12. In addition, consent should be time limited and revocable by the individual at any time.

13. The Personal Information and Electronic Documents Act provides some guidance on what is appropriate in terms of the form of the consent (i.e., express or implied) and the way in which it is sought (i.e., in writing or orally). Both the form of the consent and the manner in which it is sought may vary depending upon the circumstances and the type of information. The type of consent and the way in which it is sought should take into consideration the sensitivity of the information, the reasonable expectations of the individual, and the circumstances in which the information is being collected. An organization should generally seek express consent when the information is likely to be considered sensitive. However, the federal legislation does not require consent to be in writing. For example, consent may be given orally when information is collected over the telephone. Where it has been given orally, there must be a written record of an express consent having been given.
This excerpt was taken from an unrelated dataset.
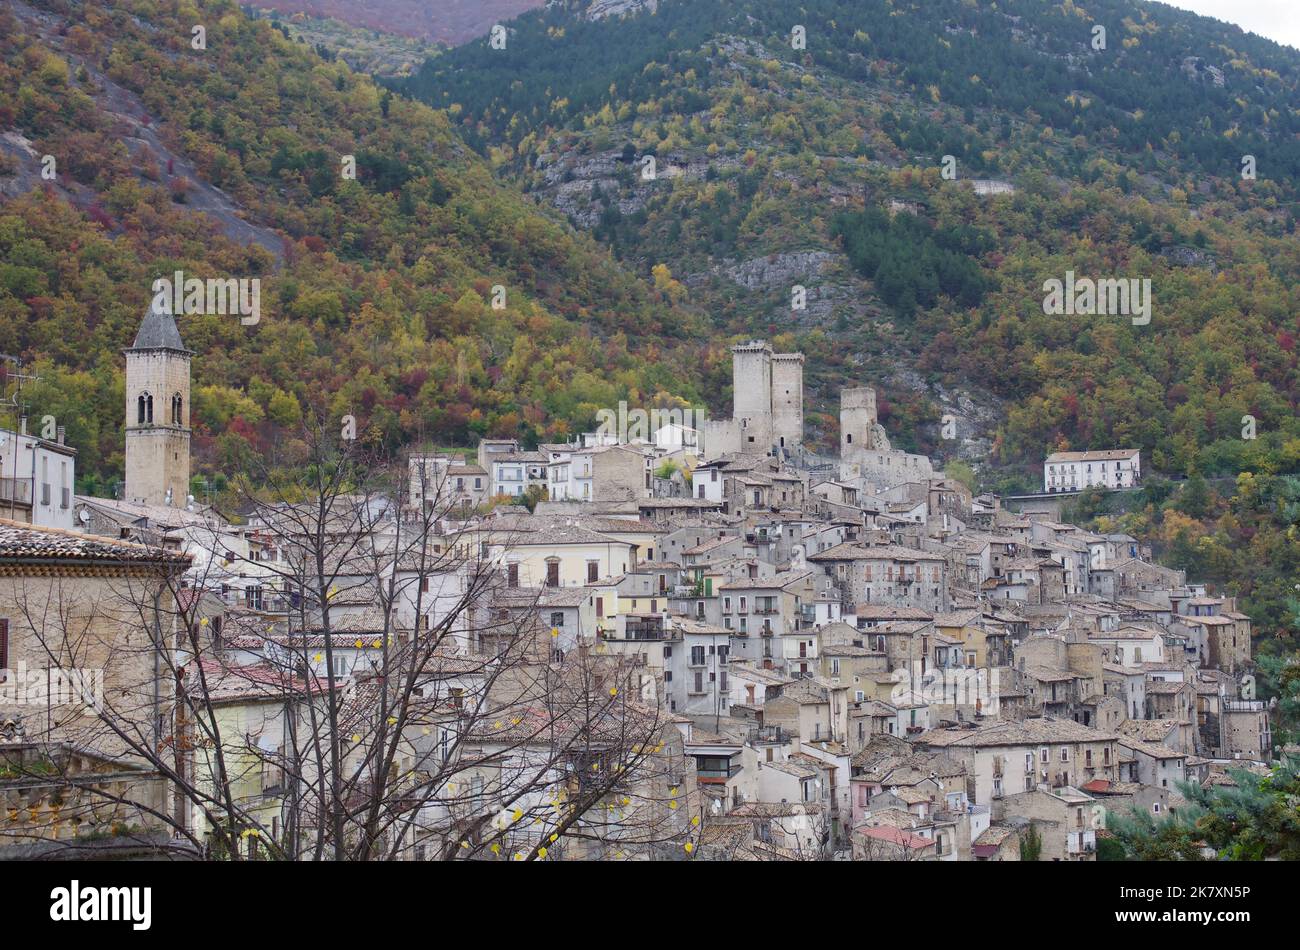 Aperçu de Pacentro (AQ) - un des plus beaux villages d'Italie: Le pays des grands-parents de la star pop Madonna - Abruzzo - Italie Banque D'Images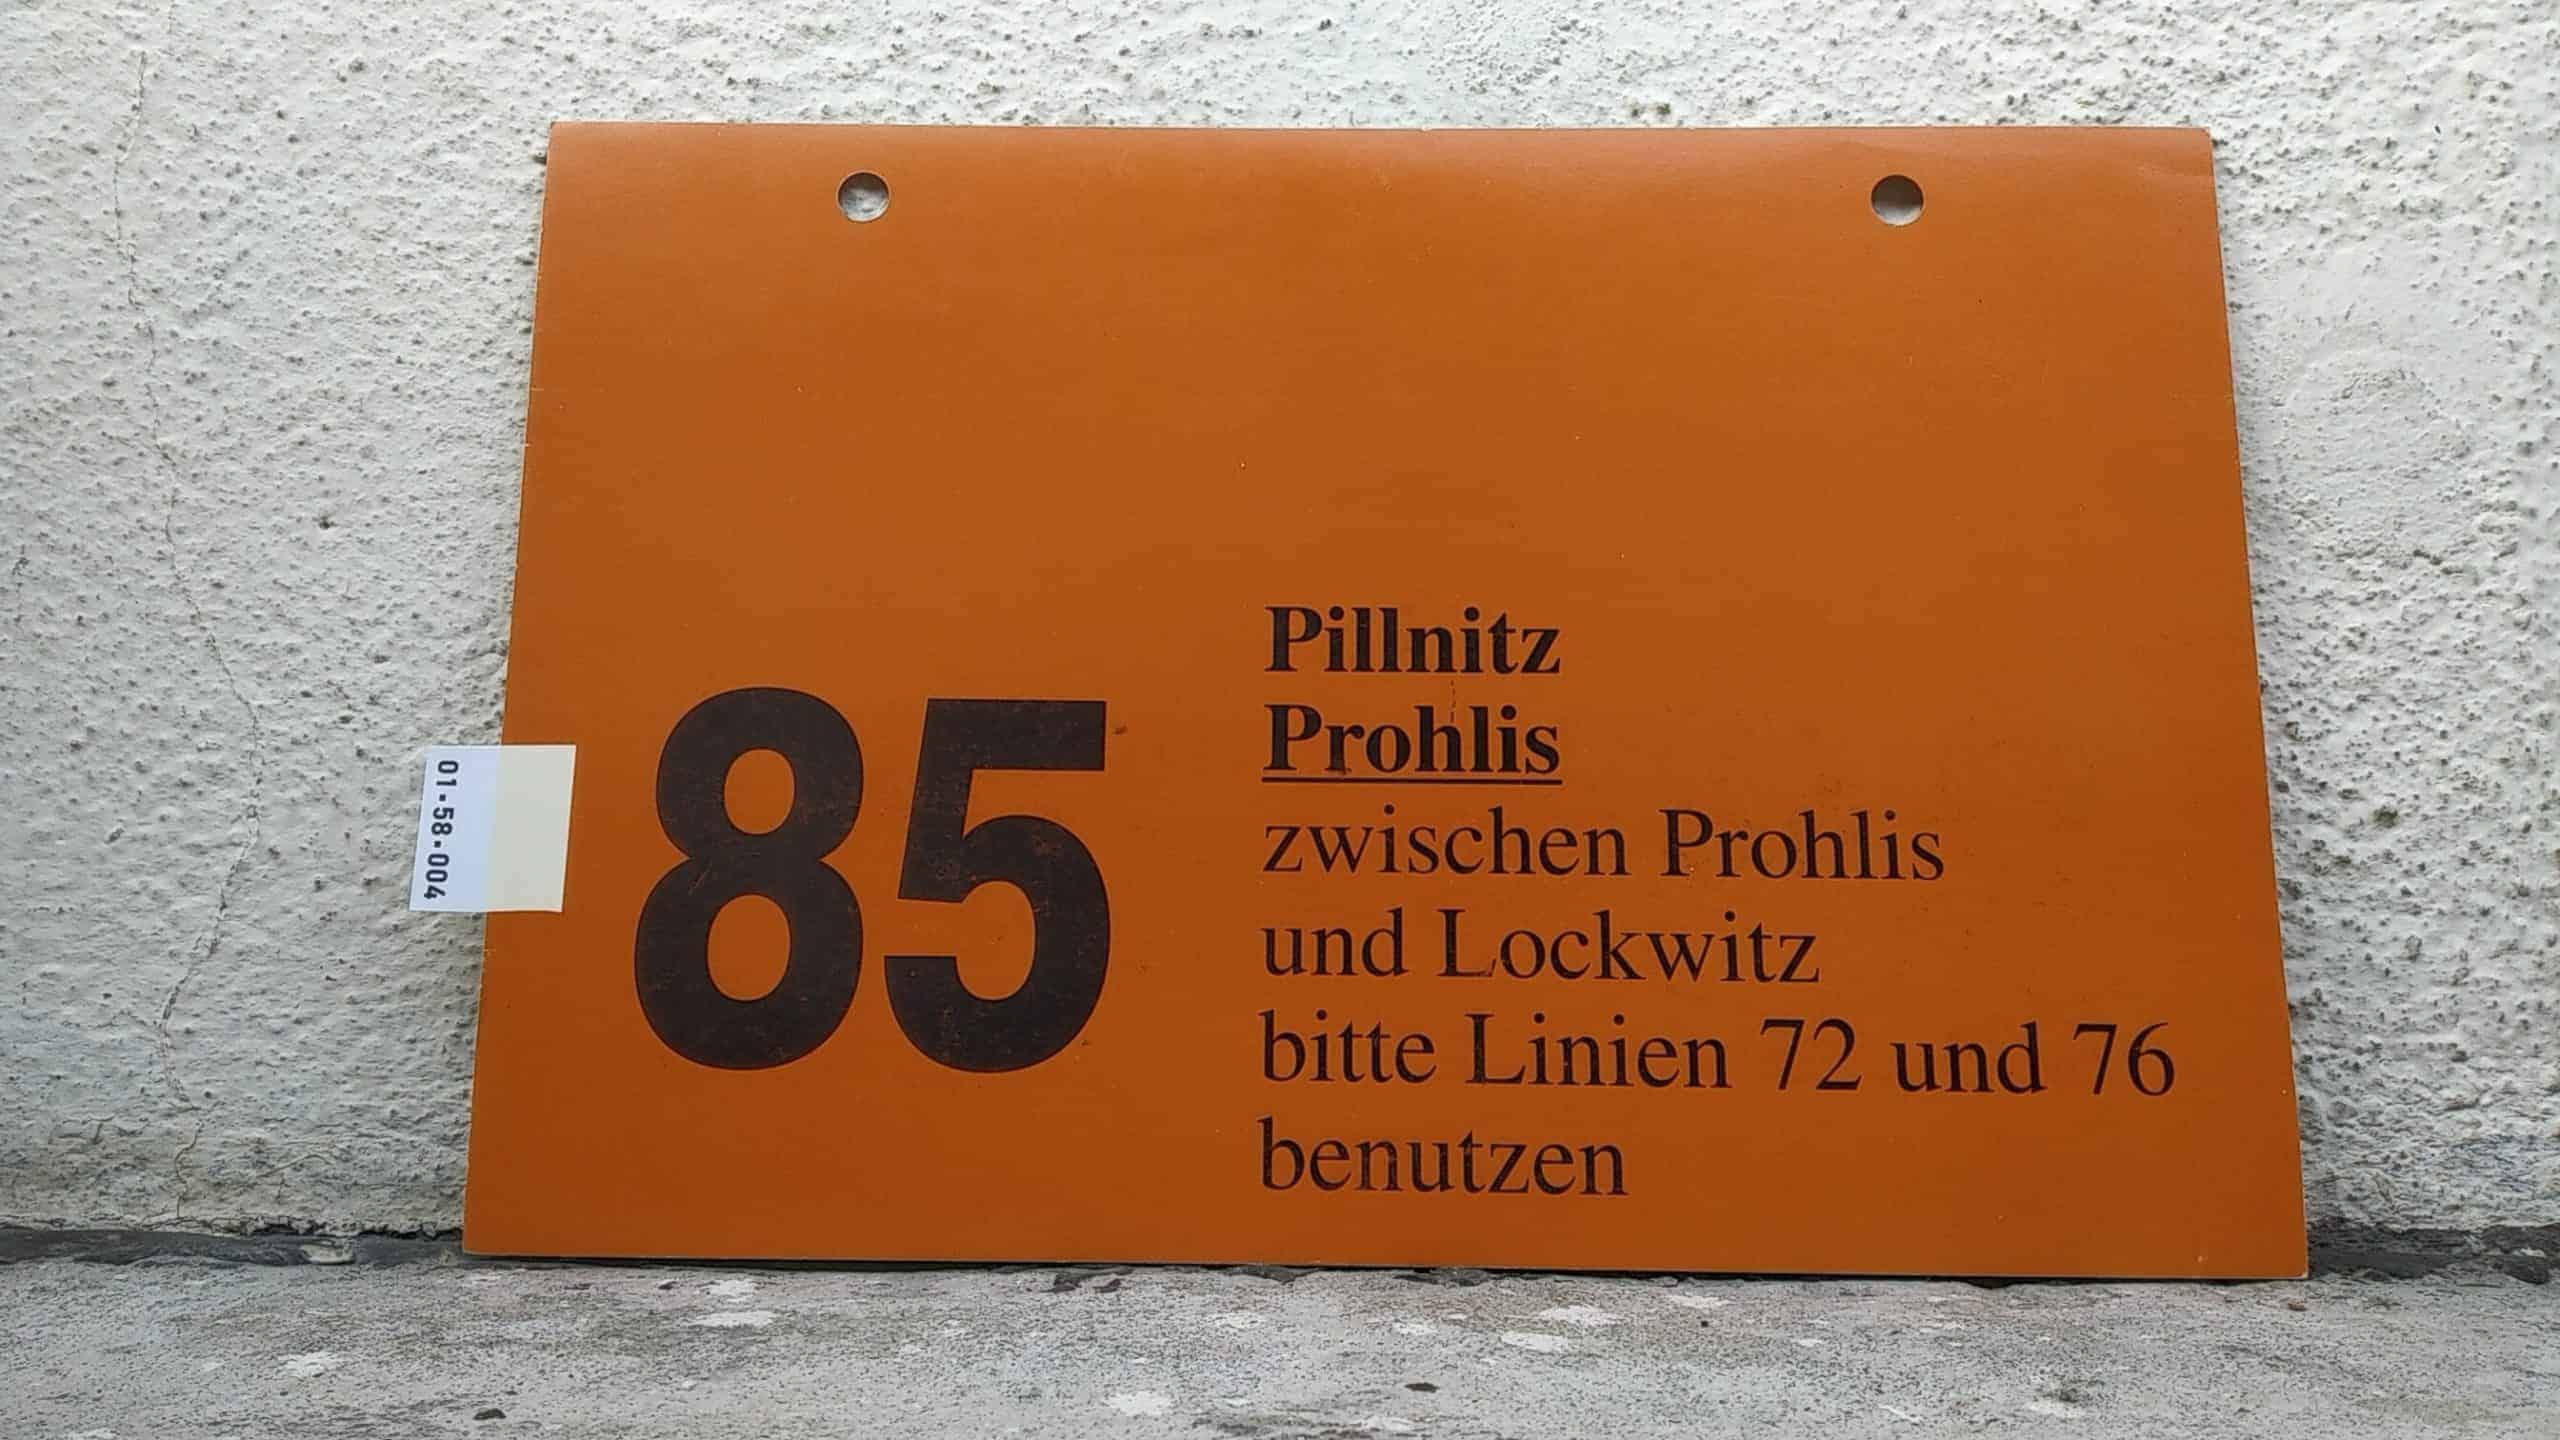 Ein seltenes Bus-Linienschild aus Dresden der Linie 85 von Pillnitz nach Prohlis

14. In our view, confidential subscriber information is sensitive personal information. For example, it could be used to identify the names and addresses of all friends, family members and business associates who are in contact with the individual by telephone. Accordingly, express consent for the use and disclosure of this information should be required under all circumstances. A requirement to obtain express consent in writing is an additional safeguard that would help to ensure that there is a written record of an express consent having been given. A written consent also provides the best evidence that the consent is, in fact, truly informed and valid. However, written consent may not be appropriate or necessary in all circumstances. Provided that individuals are adequately informed about what they are consenting to and there is a written record of an express consent having been given, it is our view that carriers should be permitted to seek consent in the form that is appropriate in the circumstances.

15. In addition, where the individual has provided consent, the disclosure of subscriber information should be on a need to know basis. The information should only be disclosed to those individuals who require the information for the specific purposes to which the individual has consented. In addition, the disclosure should be limited to the minimum amount of personal information that is required to fulfill the specified purposes.

16. In our view, implied customer consent for the disclosure of subscriber information would not be appropriate under any circumstances.

17. In the approved tariffs of incumbent local telephone companies, the term "affiliate" is defined as any person controlling or controlled by the same person that controls the company and includes a related person. Is this definition sufficient for the current purposes and, if not, what would be a sufficient definition of an affiliate?

18. In our view, this definition is not sufficient for the current purposes. It is not clear what is intended by the inclusion of "a related person" in the definition of an "affiliate." This could be construed to mean any person who has any relationship with the affiliate. An ambiguous definition of this nature would lead to a correspondingly ambiguous consent. For example, if the consent were to specify that confidential customer information might be disclosed to an affiliate of the carrier, this would mean not only the affiliate, but also any individual with a relationship with the affiliate. To avoid ambiguity, the definition of an affiliate should be made as narrow and specific as possible.

19. Information stored in a centralized database:

i) If confidential customer information shared among affiliated companies is stored in and accessed from a centralized database, does that raise any particular privacy issues?

ii) Should there be any restrictions on the collection and storage in this manner of confidential subscriber information? If so, what should they be?

iii) Should access to such database be subject to any conditions? If so, what should they be?

20. Storing confidential subscriber information in a centralized database with shared access poses a number of privacy issues. Technological and procedural privacy and security measures would have to be implemented to ensure that only the minimal amount of personal information is accessed by authorized persons, on a need-to-know basis, for the purposes to which the individual has consented.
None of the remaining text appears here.